J Mol Biol. 1992 Mar 5;224(1):159-77.
- PubMed ID
- 1548697 [ View in PubMed]
- Abstract
The structure of adenylate kinase from Escherichia coli ligated with the two-substrate-mimicking inhibitor P1,P5-bis(adenosine-5'-)pentaphosphate has been determined by X-ray diffraction and refined to a resolution of 1.9 A. The asymmetric unit of the crystals contains two copies of the complex, the structures of which agree well with each other. One of these copies is less well ordered in the crystals than the other, it shows generally higher temperature factors. The molecular packing in the crystals is discussed and correlated to crystal habit and anisotropic X-ray diffraction. The bound inhibitor simulates well the binding of substrates ATP and AMP, which are clearly assigned.
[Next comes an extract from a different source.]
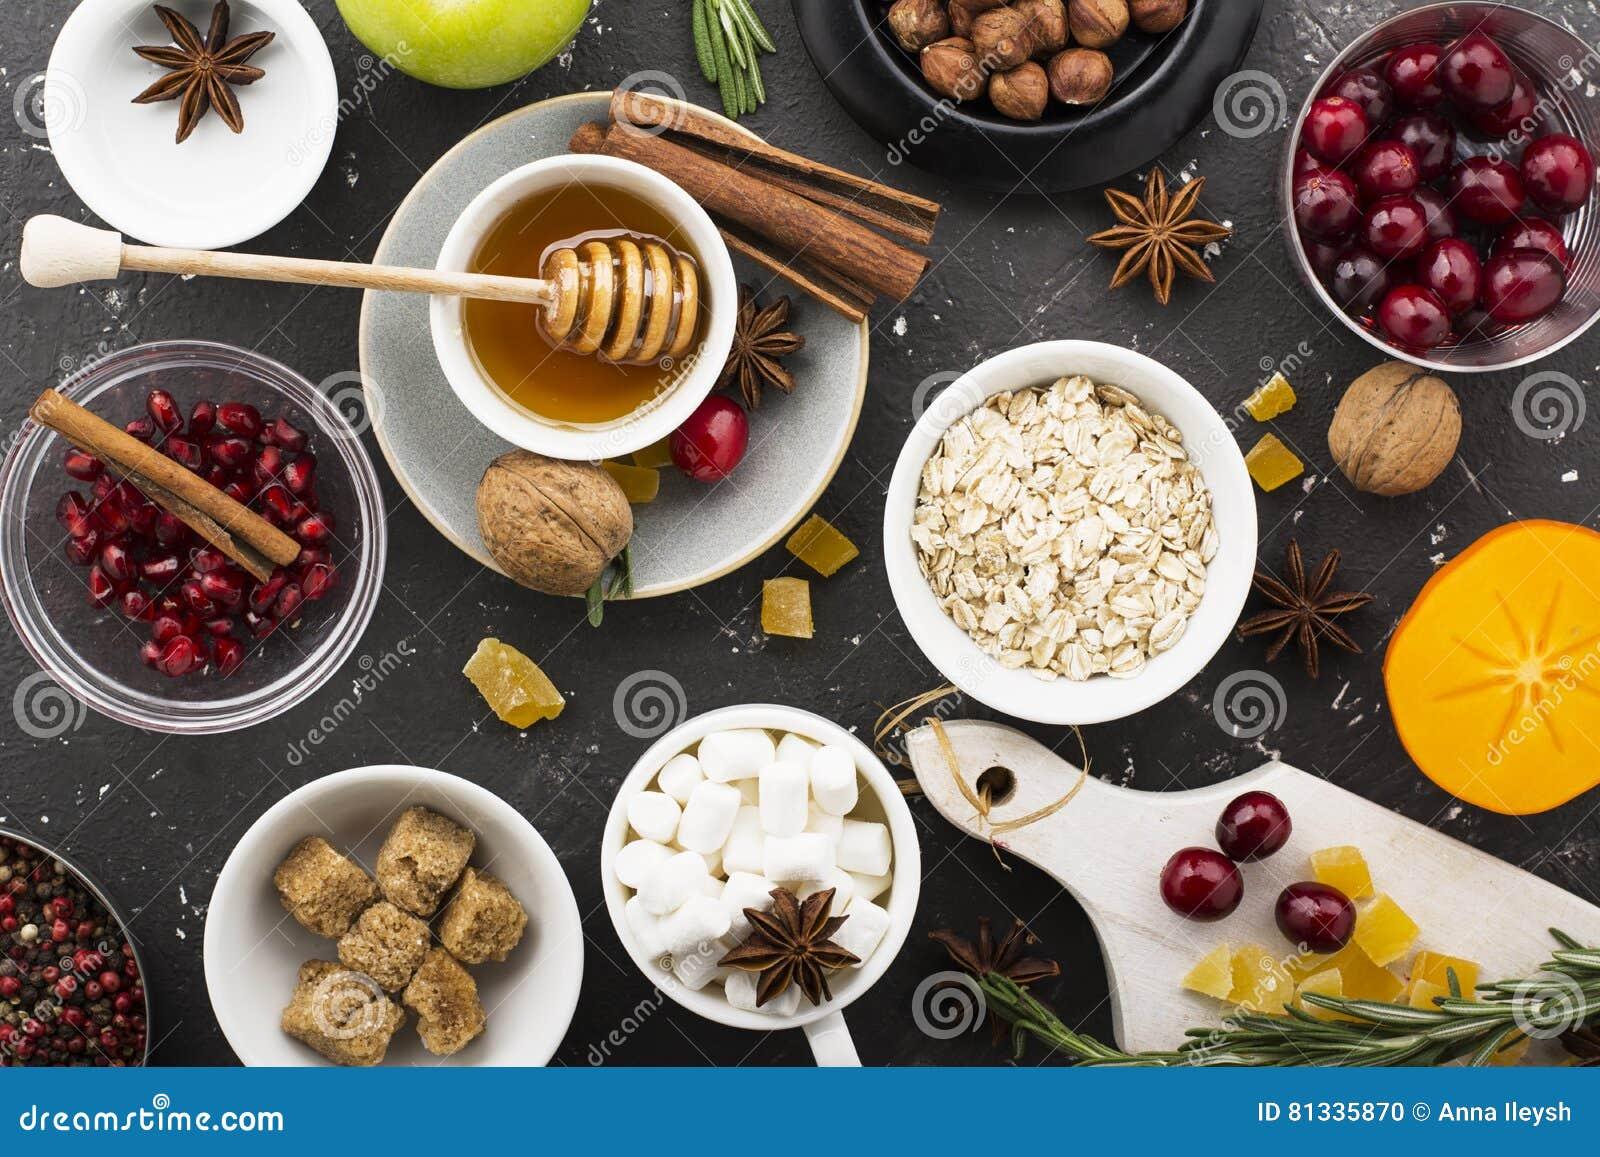 Olika ingredienser för stekheta för vinter säsongsbetonade och andra recept, granatäpple, honung, orezhi, äpplen, persimoner, ört

The alpha-phosphate of AMP is well positioned for a nucleophilic attack on the gamma-phosphate of ATP. The observed structure readily allows the construction of a stabilized pentaco-ordinated transition state, as proposed for the known in-line mechanism of the enzyme, with nucleophile and leaving group in the apical positions of a trigonal bipyramid. The kinetic data of numerous mutations reported in the literature are correlated with the detailed structure of the enzyme. The mutants were classified. The concomitant increase of the Michaelis constants for ATP and AMP in the group of mutants that modify only the ATP-binding site cannot be explained.